According to Media Network on Child Rights and Development (MNCRD) executive director, Henry Kabwe, using children as guides is a form of abuse and an infringement on their rights.
At that age, children are supposed to be in school but it is not the case. And it is normally very difficult to get law enforcers to follow up on such cases especially that society has accepted it as the norm. But there is need for the police to be proactive to effect laws that compel children to be in class.
The responsibility of intervening effectively in the lives of these children is not the responsibility of any one group, but for all members of society. However, it is important for Government to adequately implement more policies for people with disabilities as a way of keeping such children away from the streets and the classroom where they should be.

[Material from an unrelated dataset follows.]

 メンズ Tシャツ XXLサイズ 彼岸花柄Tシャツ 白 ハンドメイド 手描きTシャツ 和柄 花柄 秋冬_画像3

This is because most people living with disabilities, including the visually impaired, have no economic means for survival and hence end up on the streets. It is important to remove all barriers that hinder people living with disabilities from managing their lives; otherwise children of such parents will always be compelled to take care of their families at the expense of their education and, ultimately, their future. In the process, such children lose out on their childhood because of the responsibility bestowed on them; that of taking care of their parents as they attempt to survive on the streets.